3 – SKJOKKA E FIKA DA BADOLATO E DA REGGIO
Caro Tito, voglio qui evidenziarti la gioia che recentemente mi hanno dato due miei cari amici, uno di Badolato e l‘altro di Reggio Calabria, i quali mi hanno spedito per posta un assaggio di fichi secchi da loro stessi raccolti e confezionati a “skjokka” (a pila) come si faceva una volta. Fichi secchi della stagione estiva 2020 appena trascorsa.

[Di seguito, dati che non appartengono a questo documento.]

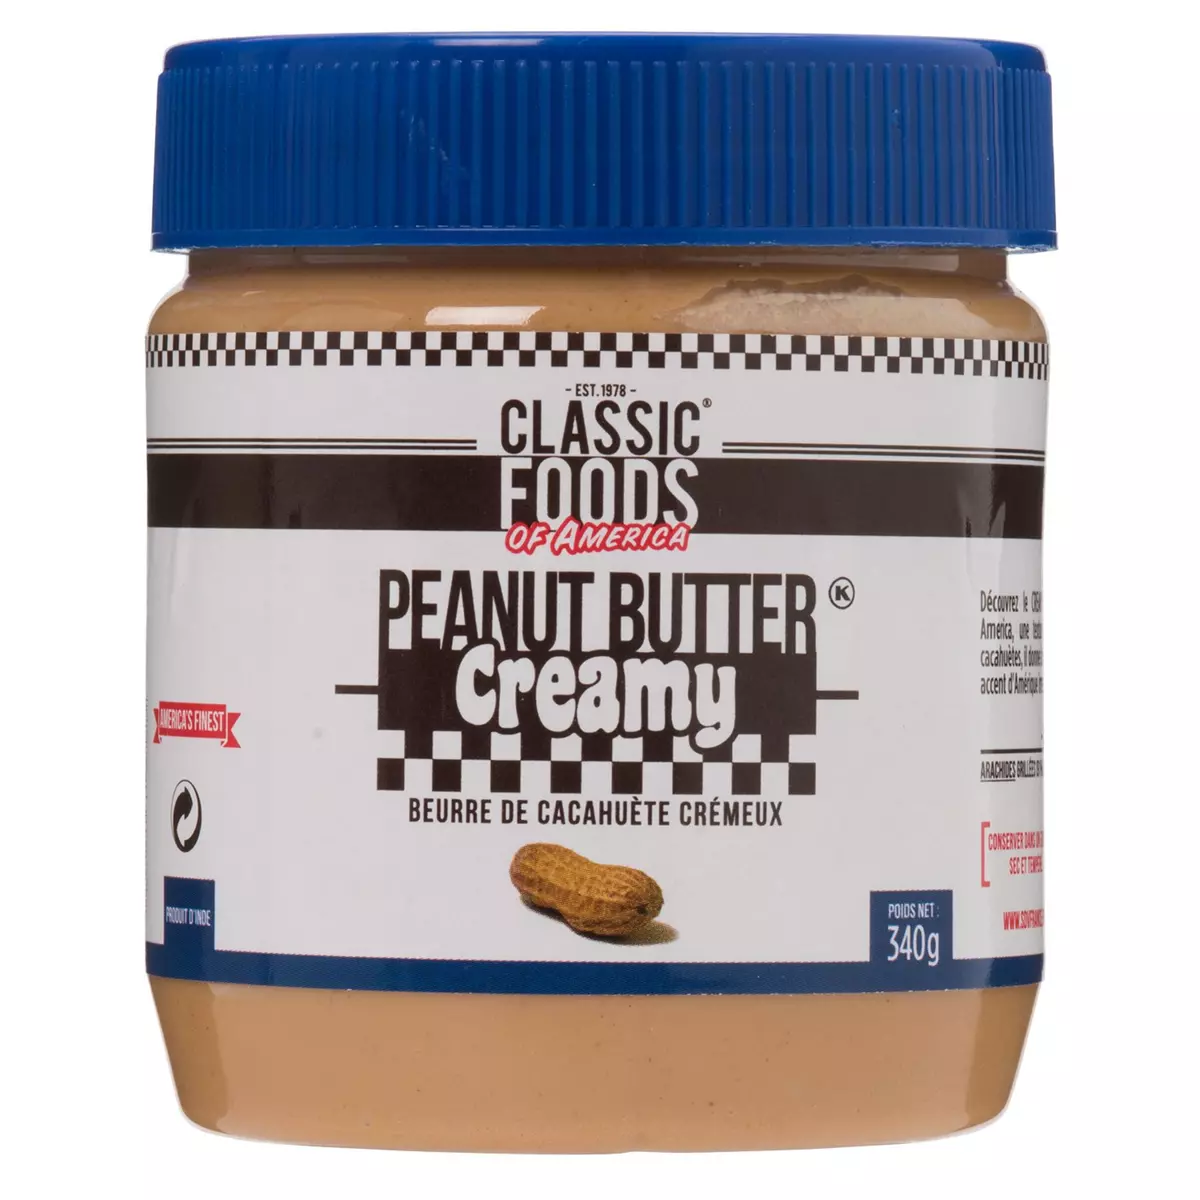 Peanut Butter Crunchy Menguy's - sans huile de palme

4 – FICHI SECCHI DI EDEN CALABRIA
Ormai il peperoncino di Calabria (in particolare quello vero o presunto di Soverato) è universalmente conosciuto come anche la ‘Nduja. E ci caratterizza ovunque. Dire Calabria o calabrese significa automaticamente peperoncino e ‘Nduja agli occhi dei più. Vorrei che questa caratteristica possa valere pure per i “Fichi di Calabria” se la Regione o il Ministero dell’Agricoltura si attivassero per ripristinare un’eccellenza non soltanto alimentare. Forse sarebbe meglio se, al posto delle merendine industriali, venissero dati per merenda ai bambini e ai ragazzi proprio i fichi secchi di una volta, agevolando l’impianto di nuovi alberi di qualità selezionata. Penso che parecchi giovani tornerebbero alla terra dei loro nonni e bisnonni per produrre questa ed altre delizie di “Eden Calabria”.


5 – SALUTISSIMI
Caro Tito, non mi stancherò mai di sollecitare istituzioni, associazioni e persone a concepire e realizzare un << Progetto Calabria >> che si avvalga delle migliori peculiarità del nostro popolo e del nostro territorio, anche come storia multi-millenaria. Ed insisto ancora e sempre (dal 1983) con la denominazione di CALABRIA PRIMA ITALIA da dare all’Ente Regione, pure come riferimento ai più antichi valori che hanno reso questa terra così importante da essere una delle più meritevoli nella Storia dell’Umanità. Ma ciò, purtroppo, è sconosciuto ai più. Quindi, pregherei Scuola e Organi della più diversa informazione a dare gli elementi di un migliore e maggiore orgoglio calabrese basato su questi valori fondanti.


di Domenico Lanciano
Agnone del Molise (terra di esilio), giovedì 03 dicembre 2020 ore 03,25 (le foto che non sono mie sono state prese dal web).